Москва стала для меня другой – отблеск огней Пресни ложился на город.

Этот скользящий огонь не потух. Раздался взрыв Октября. Москва стала советской.

Социалистическая столица стала перестраиваться.

Каждый раз, возвращаясь из частых поездок по стране, я не узнавал Москву, так лихорадочно из старого облика встала новая Москва. Сначала буйное преображение столицы удивляло и поражало, а потом этот облик строящейся Москвы стал привычным, обыденным.

А когда я ездил по стране, чувствовалось, как свет Москвы освещает все уголки огромной страны.

Я получил возможность съездить за границу, познакомиться с чужой жизнью. Попал в Париж. Получил в гостинице комнату. Вечером вышел на улицу. Улица ярко, как днем, освещена. Народу было мало. Завернул за угол в переулок. Передо мной вырос плохо одетый человек и сказал, торопливо оглядываясь.

– Деньги! – это прозвучало просительно и угрожающе.

Я полез в карман, подыскивая мелкую монету. Он все так же просительно и настороженно-враждебно оглядывался кругом. И вдруг спросил:

– Немец?

– Нет.

– Англичанин? – быстро переспросил он.

– Нет.

– Кто же вы?

– Я – русский.

Он бросился ко мне. Я попятился.

– Москва?

– Да.

Секунду он молчал, потом схватил меня за рукав, прижал к груди и вскрикнул захлебываясь: «Москва! Москва!»

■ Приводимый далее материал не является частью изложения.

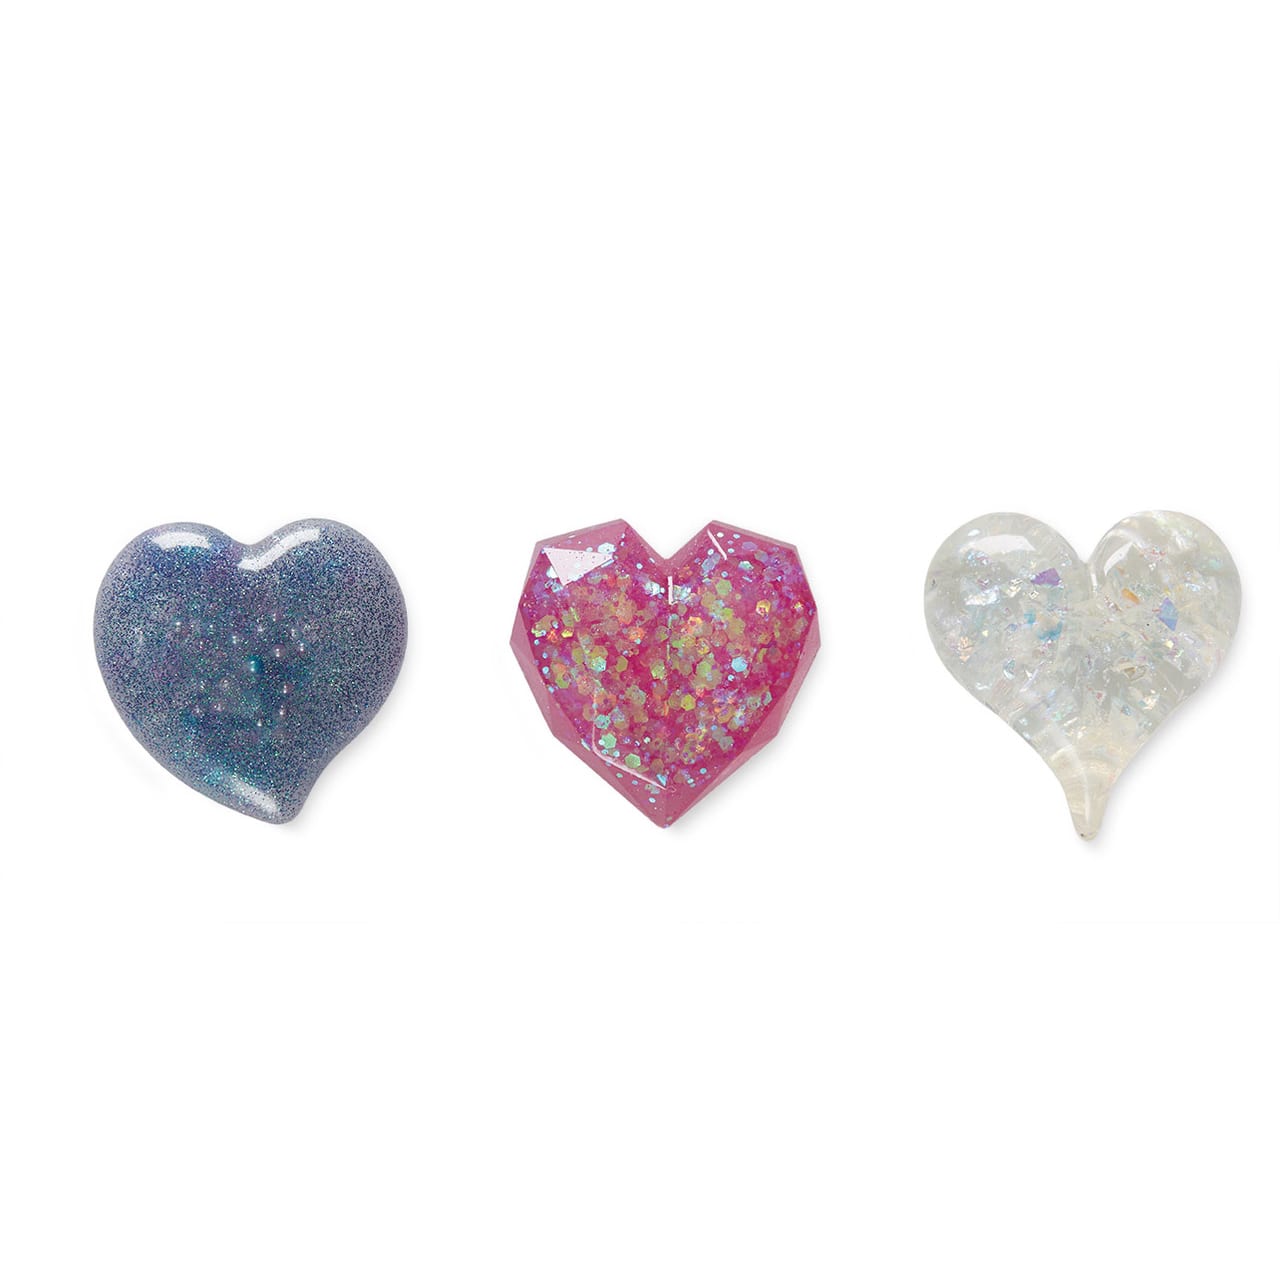 1.5 inch Heart Silicone Mold – The Crafts and Glitter Shop

Я растерянно молчал. Из-за угла вышел полисмен и медленно прошел мимо, поглядывая в нашу сторону. Незнакомец быстро отшатнулся. Я сунул [ему] серебряные монеты, а он сконфуженно сказал:

– Нет, не надо. Я – безработный.

Я кивнул головой и медленно пошел; а он все шептал мне вслед:

– Москва! Москва!

Я вышел из переулка на ярко освещенную улицу. Услышал за собой торопливые, тяжелые шаги. Оглянулся – передо мной стоял полисмен. Он вежливо вскинул пальцы к каске и сказал:

– Пардон, мсье, к вам, кажется, приставали за милостыней?

– Нет, – торопливо ответил я, – никто не просил.

Он немного растерянно оглянулся. Перед нами стоял аккуратно одетый господин в шляпе и улыбался.

– Я видел, – сказал он, – у вас просили милостыню. Вы иностранец?

– Да.

– Ну понятно, – сказал он со злобой, передернувшей его лицо. – У нас запрещено.

Он было пошел. Опять обернулся ко мне.

– Вы англичанин?

– Нет.

– Немец?

– Нет.

– Кто же вы?

– Русский.

– Москва, – зашипел он злобно и стал переходить улицу. Я тоже отвернулся и пошел по переулку. Москва, милая, родная Москва, ты тревожишь все сердца.

Я не предвидел тогда, что в такой короткий срок орды таких, как этот господин, двинутся во главе с Гитлером на нашу Москву.

Они пришли, чтобы разрушить социалистическую Москву. Чтобы убить социалистический строй, Гитлер обещал взять и разрушить сердце его – Москву. Но наглый и бездарный шпик обманул свои орды: Москва их отбросила. Чудовищные гитлеровские волны отхлынули. Перед ними стояла Москва.

Москва, строгая, вобравшая в себя всю силу и волю народа. И во всех уголках страны, и во всех уголках мира и друзья и враги тревожно спрашивали: «Как Москва?» Москву защищали и армия и московские сапожники, академики, школьники, ткачи, бухгалтера – народное ополчение. Кто не ушел на фронт – до упаду работал у станков на фабриках, на заводах. Это было нечеловеческое напряжение.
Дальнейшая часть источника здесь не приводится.